№88 (6192) от 17 ноября 2023
«Время – как река. Перемены подготавливались исподволь». Беседы с Владимиром Панковым
На редакторство в газете «Рязанский комсомолец» в 1978 году Владимира Панкова благословил поэт Евгений Маркин. Узнав о назначении, написал ему из своего родного Клетина письмо, в котором обрисовал все преимущества этой должности для честного талантливого журналиста: больше возможностей донести свое мнение, добиваться справедливости, там, где это возможно. А ещё – писать в газету самому, стать пишущим редактором. На себе испытавший тяжесть партийной длани, Евгений Фёдорович предостерегал новоиспеченного начальника – не забывай делать плановые вещи, не презирай подёнщину, а то попадёшь в немилость к областному руководству. А оно в то время страсть как не любило людей самостоятельных, со своим мнением. Но до этих знаменательных событий Владимиру Панкову пришлось пережить падение. С дельтаплана…
В.П. – Мы с Валерием Гельштейном организовывали в Рязани первые фестивали дельтапланеристов на приз Крякутного – устраивали показательные выступления прямо на кремлёвском валу. Народу собиралось много – зрелище, действительно, было эпическое. Увлекся полётами и я. На одной из тренировок под Рязанью не рассчитал траекторию взлета, совершил ошибку на старте и чуть не потерял правую руку – рязанские хирурги несколько часов собирали её по частям. Но, слава Богу, обошлось. Четыре месяца провёл в гипсе, а когда вышел на работу, меня ожидал сюрприз. Обком партии предложил возглавить редакцию молодёжки – прежний редактор Олег Севергин уехал в Москву, и несколько месяцев вакантная должность пустовала – ждали моего выхода с больничного. Видимо, все время, пока я состоял в обкомовском пуле журналистов, ко мне присматривались, и решили, что газету я потяну. Запомнился ещё один совет Жени Маркина: учитывать интерес читателя, не брезговать ни кроссвордами, ни всякими развлекательными рубриками – только так газета будет набирать популярность. Честно говоря, я этим поначалу пренебрёг, и вполне закономерно продажи газет в киосках пошли вниз. Собрались всей редакцией и решили: говорить с читателем на нормальном человеческом языке, без казёнщины и лозунгов. А героями публикаций делать не только комсомольских активистов и передовиков, но и людей обычных, однако по-своему интересных – лесников, плотников, бондарей, защитников природы и т.д. А на радость обкому мы завели актуальную по тем временам рубрику «Молодость Нечерноземья». Писали, естественно, и о соцсоревнованиях комсомольцев, молодежных бригадах, о шефстве молодёжи над строительством сельских объектов соцкультбыта. Это сейчас всё выглядит диковато. А в те времена энтузиазма у молодежи хватало. И хороших дел было немало. А нам удавалось совмещать приятное с нужным, обязательным. Такая тактика во многом нас спасала.

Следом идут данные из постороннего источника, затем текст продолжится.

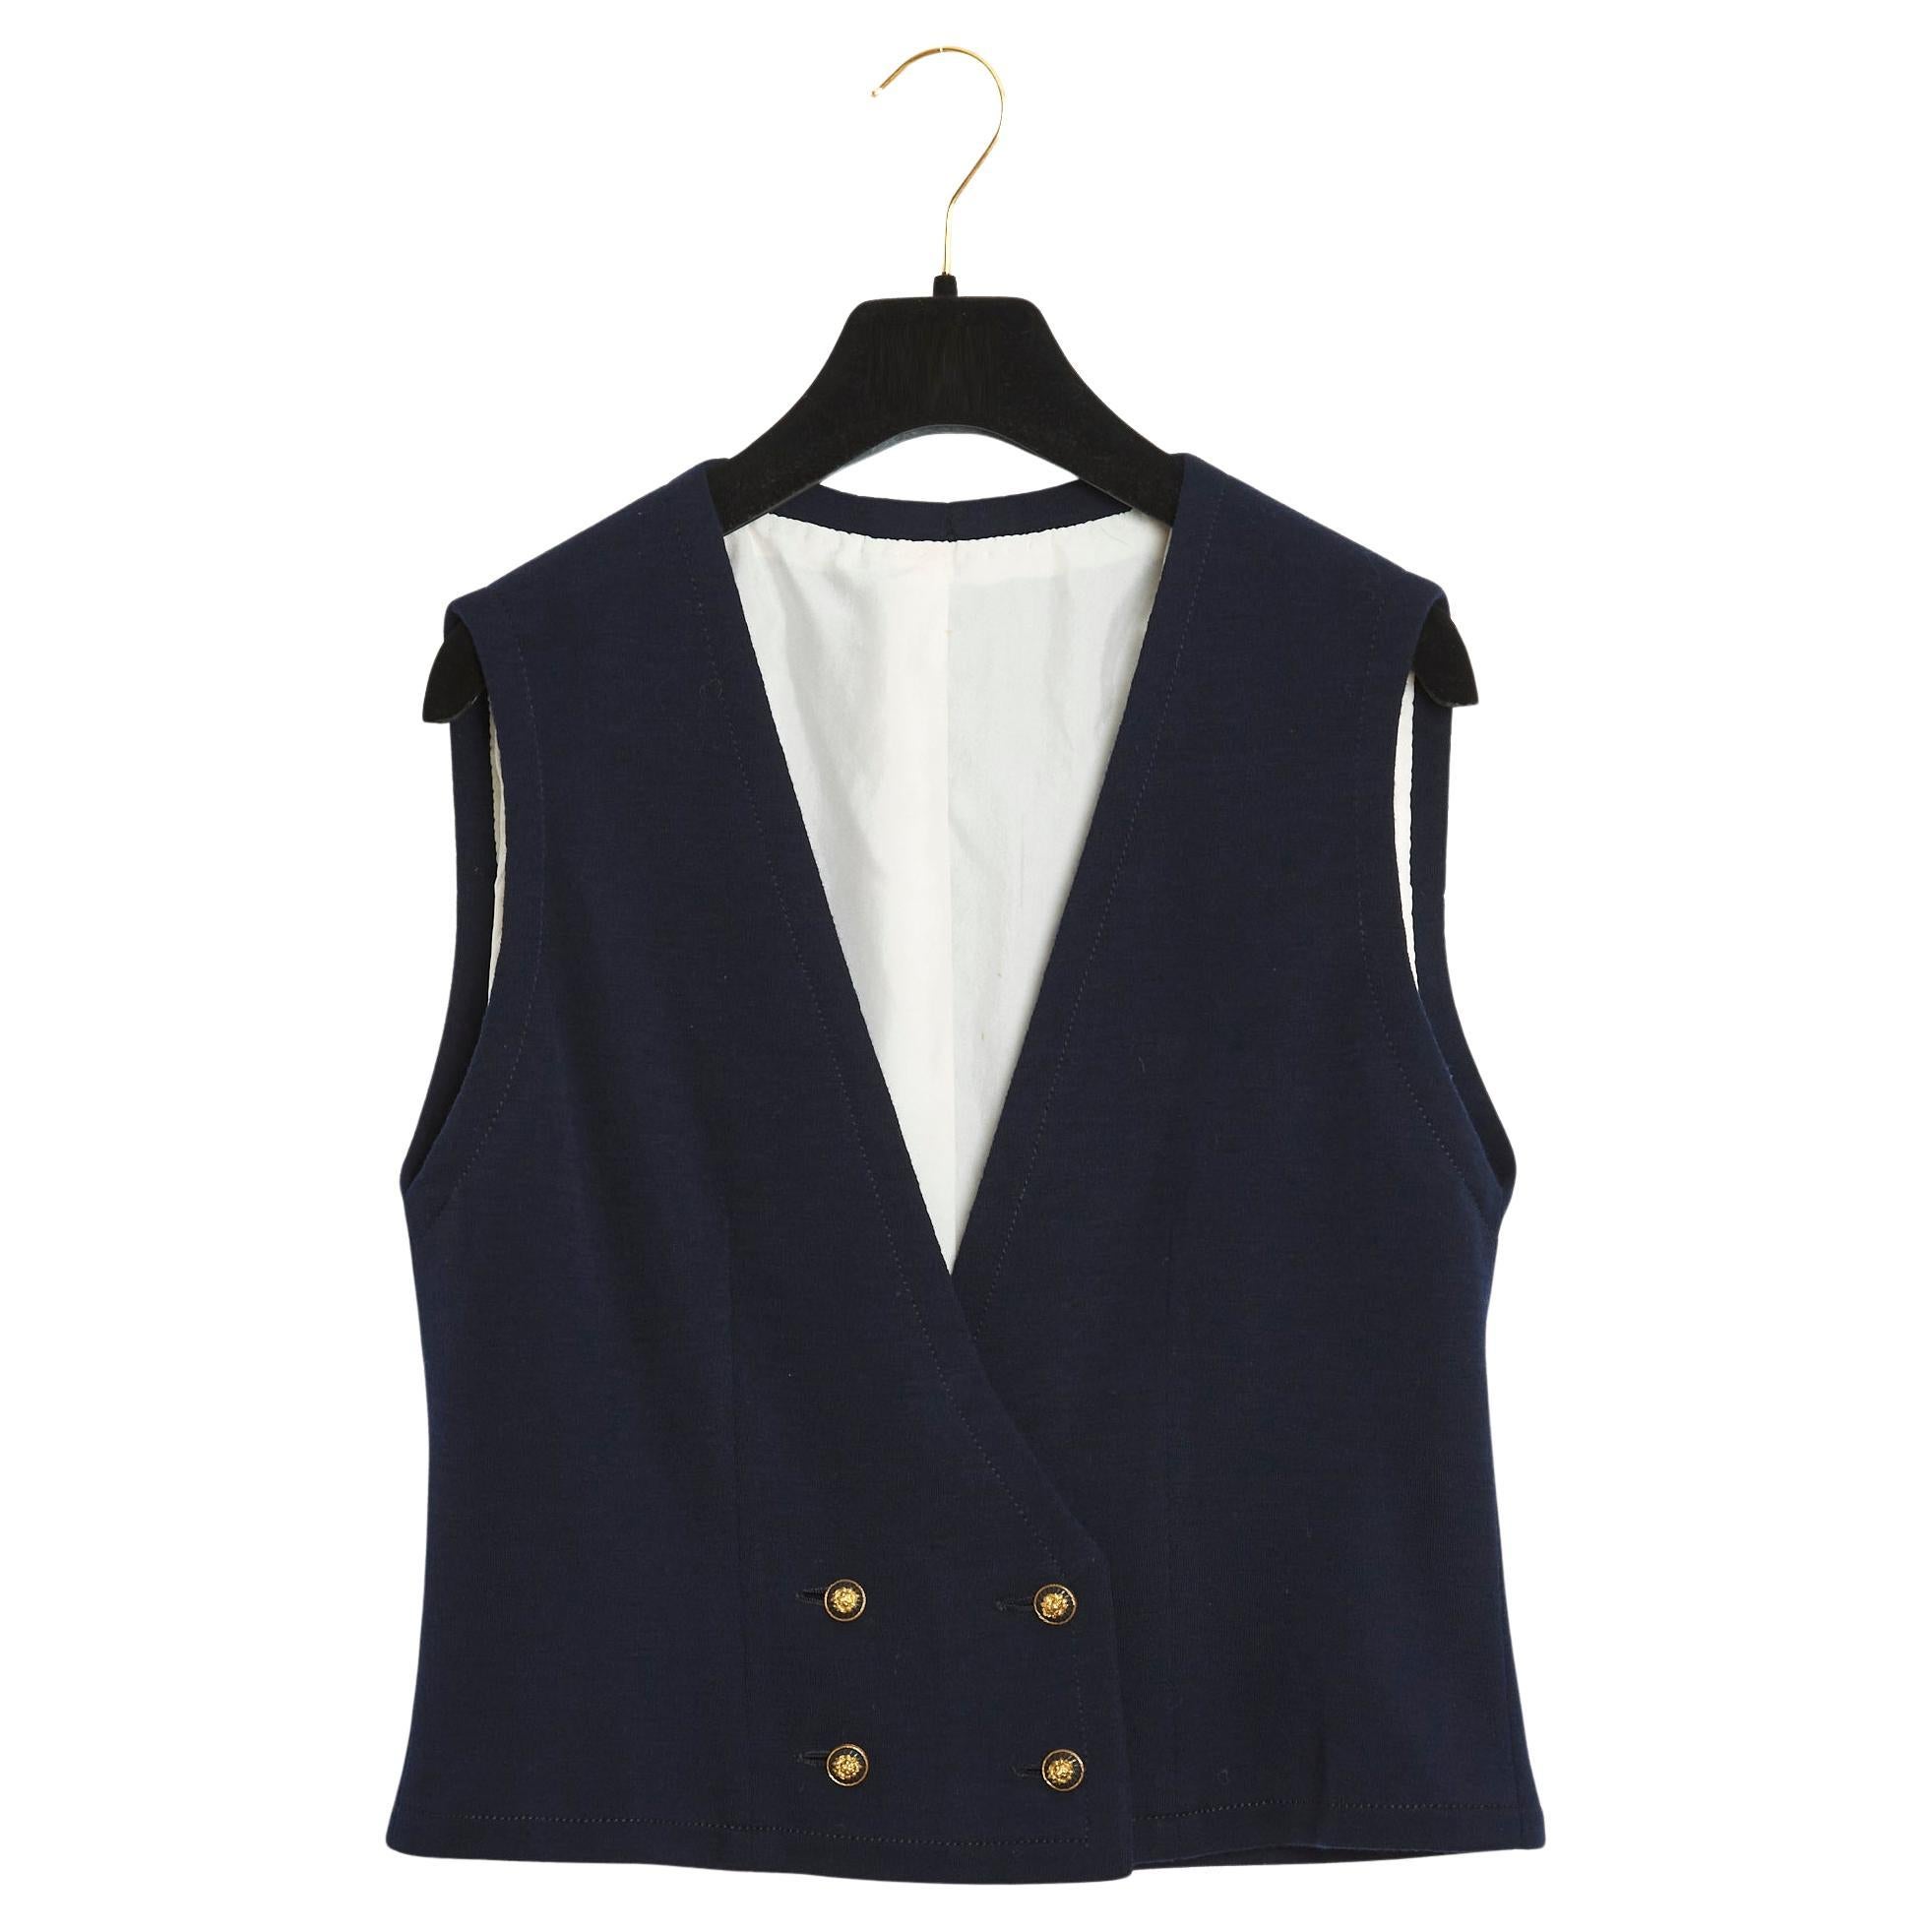 Chanel Haute Couture navy wool vest FR38

– Но «Рязанский комсомолец» был органом обкома комсомола, а не партии…
В.П. – Формально, да. Но я был креатурой обкома КПСС, и от комсомольских начальников зависел в меньшей степени. Чувствовал, что их это коробит. Они, может, и мечтали бы о большей покладистости с моей стороны, но я держался независимо. И это было нужно не только мне. В первую очередь – газете. Моим ребятам. Поэтому в острых ситуациях я не стеснялся доказывать правоту своих журналистов, если был уверен, что они правы и честны. Сразу дал понять: лебезить и угодничать не буду. А если что-то кому не нравится – креслом не дорожу. Собрал папки – и свободен, ищите себе другого редактора. Такое отношение заставляло – в первую очередь обкомовских партруководителей – закрывать глаза на наши тогдашние вольности. Правда, нормальных, коммуникабельных людей в райкомах и обкомах комсомола было все-таки больше, и мы находили взаимопонимание. Конфликты случались редко.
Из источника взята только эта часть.